My job at work had switched to an interesting schedule of 10 hour days where every third week we would have three-day weekends and every third week we'd get four-day weekends. It certainly proved to be a nice schedule, but not so much for my credit card and my Broadway obsession, which you think that Grease would have slowed. So I planned my first three-play trip in June and I lucked out that they were all winners. One thing I found: I was disappointed far fewer times by Broadway plays than by Broadway musicals. The first play of the weekend amazed me and was the closest to casting the spell on me that Angels in America did. Twilight: Los Angeles, 1992 was a one-woman show performed by Anna Deavere Smith. Now, this wasn't the type of one-person show most people think of where an actor assumes one persona for an evening. No, Smith portrays dozens of people, people she interviewed as a journalist would to get their take on what happened to them during and after the Los Angeles riots. Very few of the people are well known, but it doesn't make Smith's performance any less riveting as she assumes every gender, ethnicity, etc., to paint a portrait of a staggering event in this nation's history as well as an intimate look at a major city that still has characteristics of a small town. It's brilliant. I only saw two of the four nominated lead actresses in a play (the other was the winner that same weekend), but I still believe that Smith deserved the prize, especially since there was no way Twilight: Los Angeles, 1992 was going to (or should have) beat Perestroika for play.

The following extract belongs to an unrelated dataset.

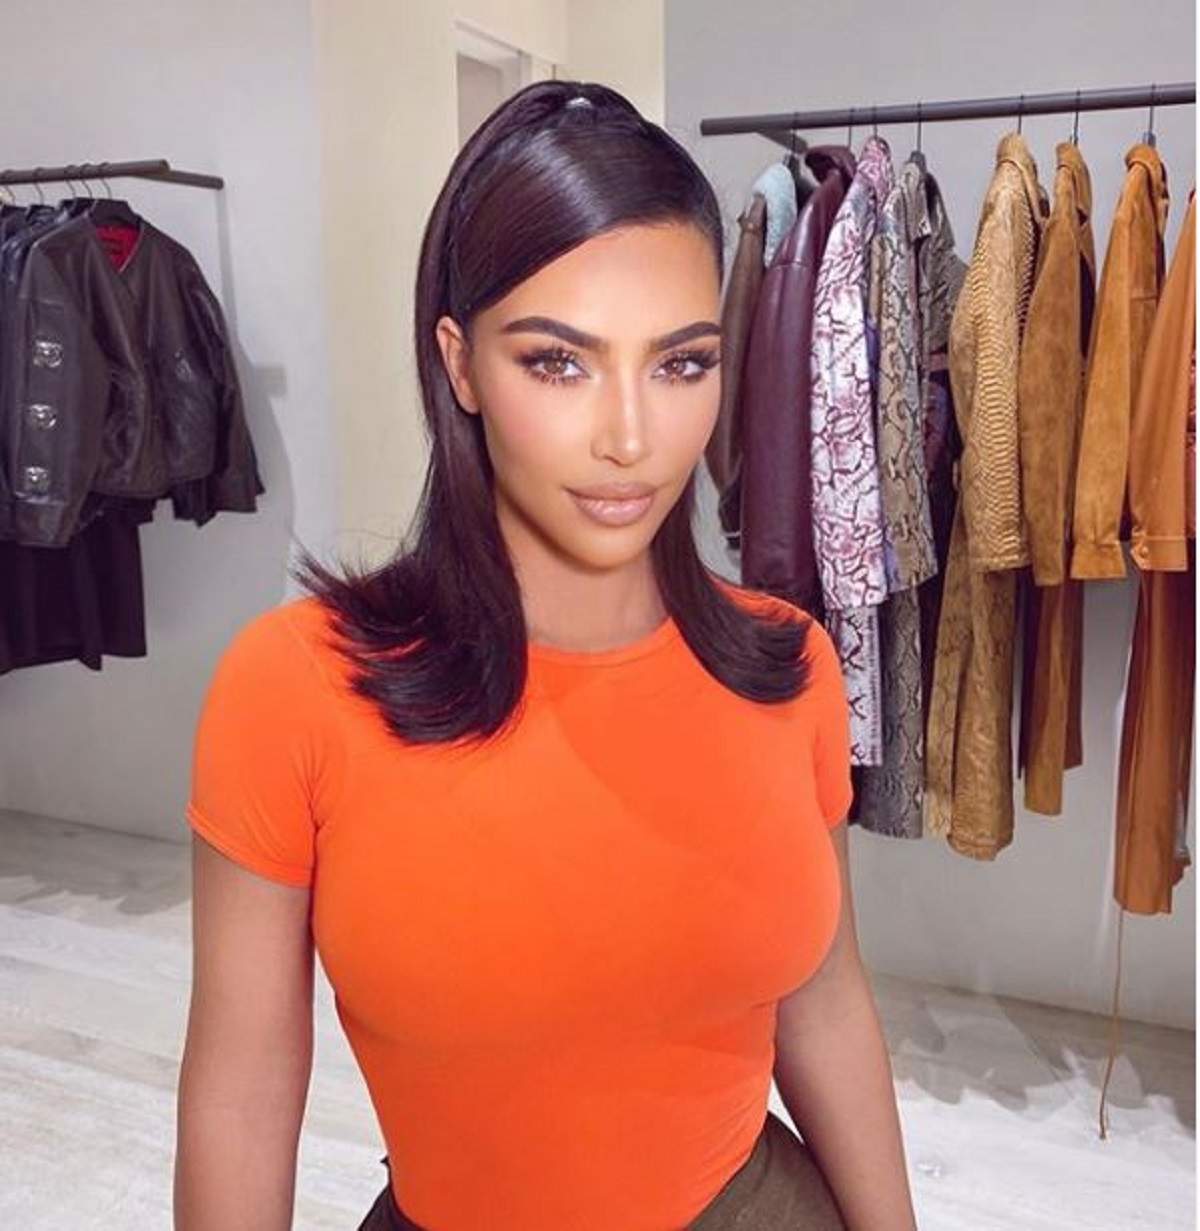 Kim Kardashian este in dressingul ei, poarta un tricou portocaliu si parul prins

You don't often come out of a play feeling cool and wet, but if you were close enough to the awesome set by Ian MacNeil working in tandem with Rick Fisher's lighting and Gregory Meeh's special effects, you were likely to exit the theater with tangible evidence of a night's entertainment with Stephen Daldry's revival of J.B. Priestley's An Inspector Calls. Now, if you go to the theater as often as I did, you are going to run into celebrities eventually. This show marked my first experience as the late Madeline Kahn and her husband sat in the row behind me. They seemed to enjoy the play as well, an old-style mystery as a mysterious inspector (Kenneth Cranham) upends family secrets while investigating a death. The family, a rich industrial clan led by Philip Bosco and Rosemary Harris, has many members and are far from functional. The entire cast excelled, the pros such as Bosco, Cranham and Harris, as well as newer finds such as Marcus D'Amico and especially Jane Adams as the clan's daughter and she won a Tony for the role, one of 5 Tonys it won, though it amazingly lost scenic design which still boggles my mind. Granted, I didn't see the show that won (Carousel), but it had to be stunning to top McNiece's set.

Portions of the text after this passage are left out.